I looked at Mr. Fontane, wondering if it was time for me to speak. He stared down at the papers in front of him. “I’ve advised Maggie not to say anything today. I think it’s best to have her therapist’s approval before we proceed.”

Detective Wallace cleared his throat. “We’d really love to settle this matter.”

“So would we,” Mr. Fontane replied. “But not at any risk to Maggie’s well-being. She has been struggling to deal with the events that occurred on Memorial Day weekend, and Dr. Guest has advised her parents and me that we should not push her for answers.”

That part made me feel the most guilty. I hadn’t told anyone about the memories that had flooded me on the Fourth of July. As backward as it seemed, Adam was the only person I wanted to talk to about the cliff top. Since he’d been up there with me after everything happened, I felt like he would understand. But I couldn’t get past my anger. All I could think was that he’d known everything and kept it from me, and I didn’t know if I could ever face him again.

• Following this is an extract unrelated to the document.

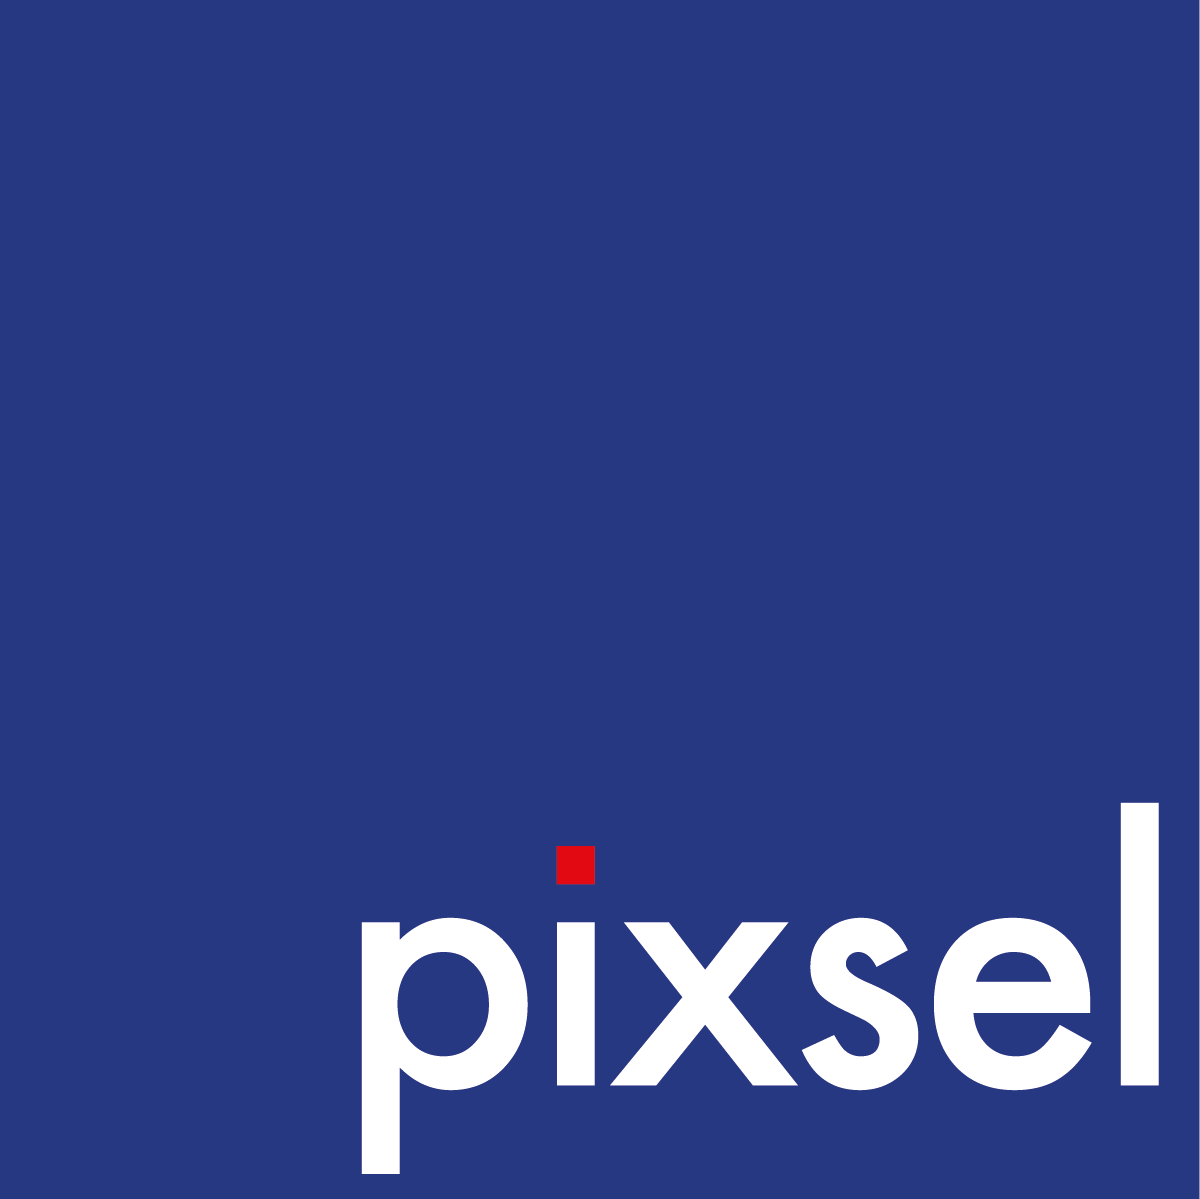 Pixsel Studios

So I’d held on to Joey’s last moments for an entire week, keeping the secret my own, wondering how, and when, and if I would ever share it with anyone else.

The air-conditioning kicked on with a
whir
, covering my arms in goose bumps.

“You were about to close the investigation?” my father asked. “Does that mean you have the results from the autopsy?”

Detective Meyer nodded his head. “We do.”

“And if you were going to close the investigation, that means that you didn’t find anything to indicate foul play.” Mr. Fontane looked from one detective to the other.